I liked this book and learned something from it. Still, being a huge Lampoon fan (I still have my collection of the classic mags through the mid 70's) I thought I'd love it, but found it somewhat workmanlike. Stein takes too many detours (SNL, other TV and movie projects) that, while certainly part of the story, don't require the space she gives them. And some pictures of the colorful cast of characters here would have been a helpful, welcome addition. If you're old enough to remember Tarzan of the Cows, Jessica Christ and Foto Funnies, you're probably going to want to read this (and Mr. Mike, a book I remember enjoying more).

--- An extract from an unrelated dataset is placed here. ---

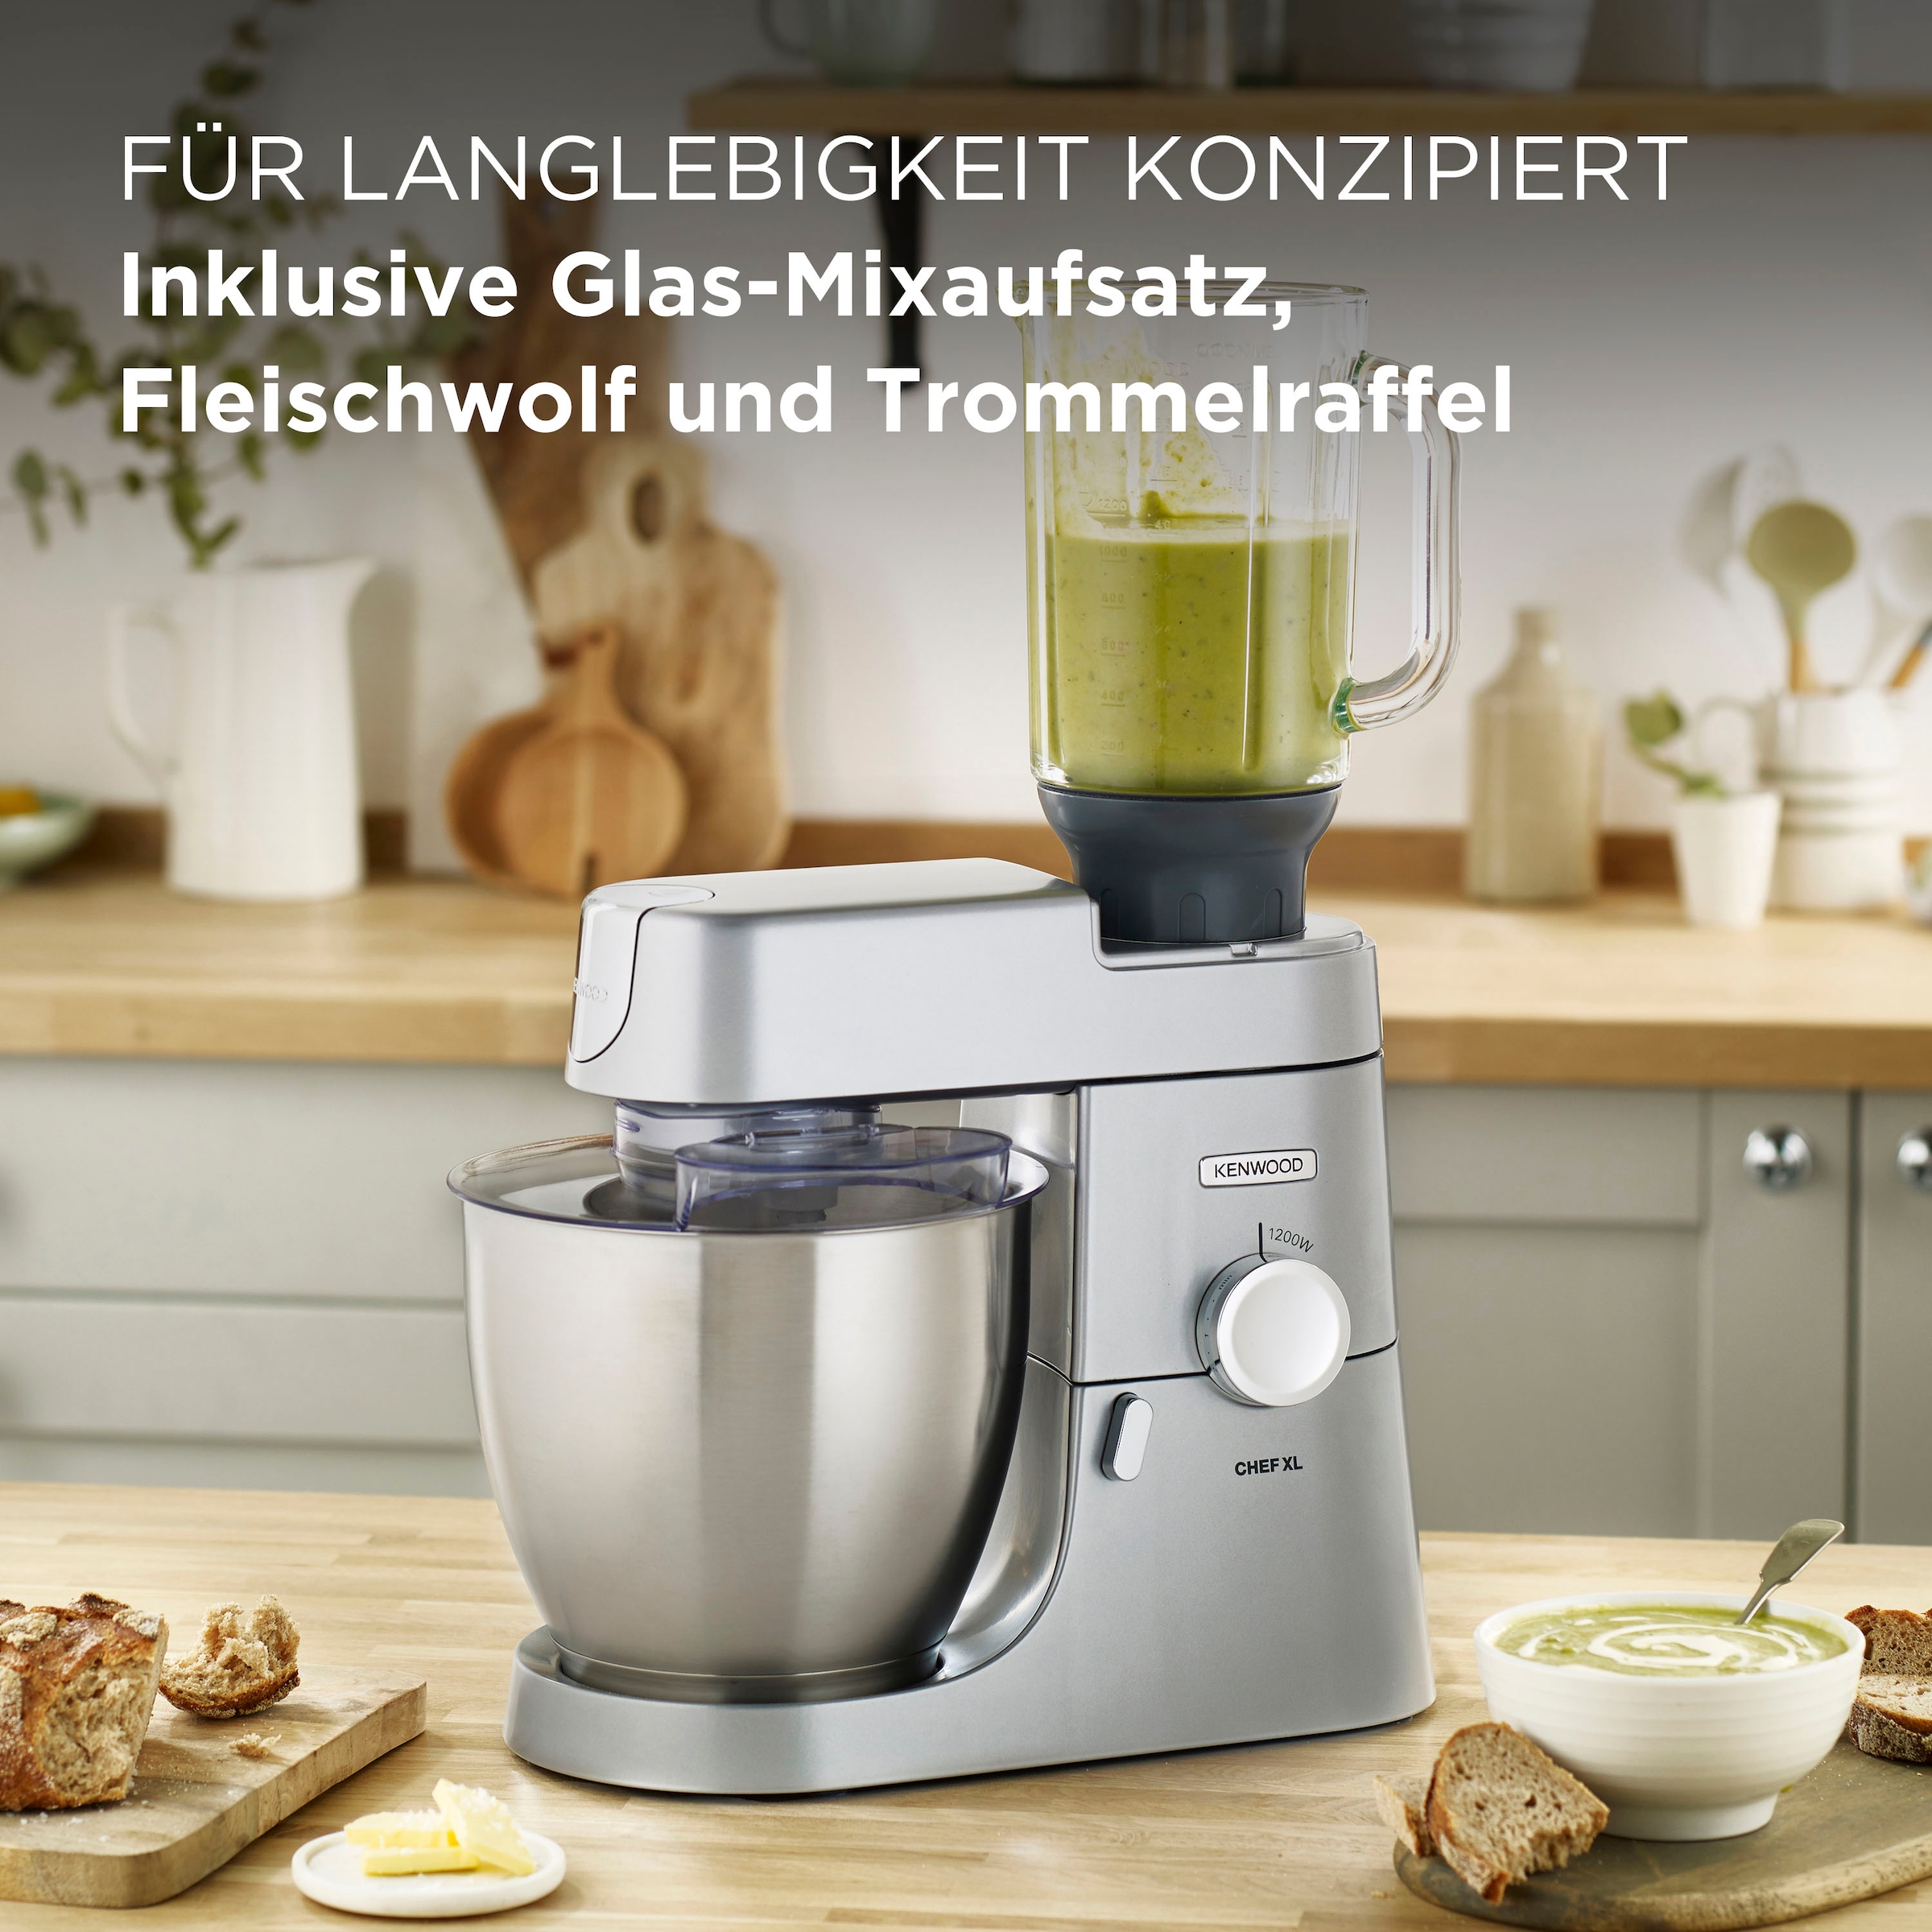 KENWOOD Küchenmaschine »Chef XL KVL4220S«, und inkl. 6,7 Fleischwolf bestellen Trommelraffel Schüssel, Mixaufsatz, l online
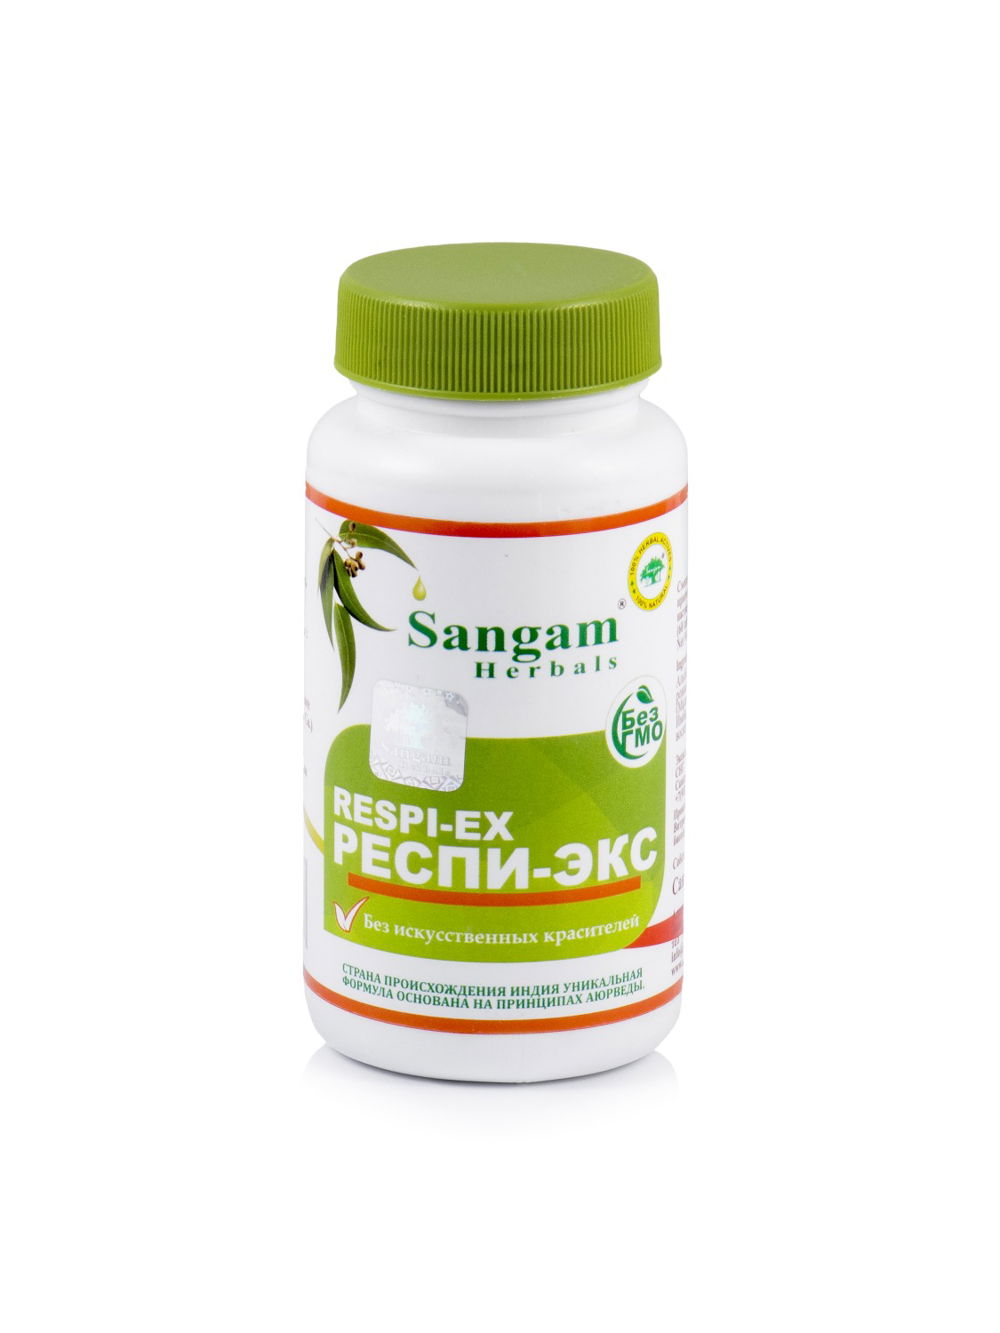 Респи-Экс Sangam Herbals (60 таблеток), Респи-Экс

Probably the best book about the National Lampoon and the various offshoots and parallel universes--Saturday Night Live, Kentucky Fried Theater, Channel One, the video collective TVTV, etc.--that defined a decade in fringe comedy that was on its way to taking over the mainstream. Stein doesn't have the insider's perspective that define the best parts of Tony Hendra's memoir/critical study Going Too Far, but in a way, that's a blessing: she has no feuds to settle and has a clear, objective take on the golden-age Lampoon's sometimes unfocused attempts to grapple with racial and gender stereotypes that was beyond the author of "Dragula" and "Jessica Christ."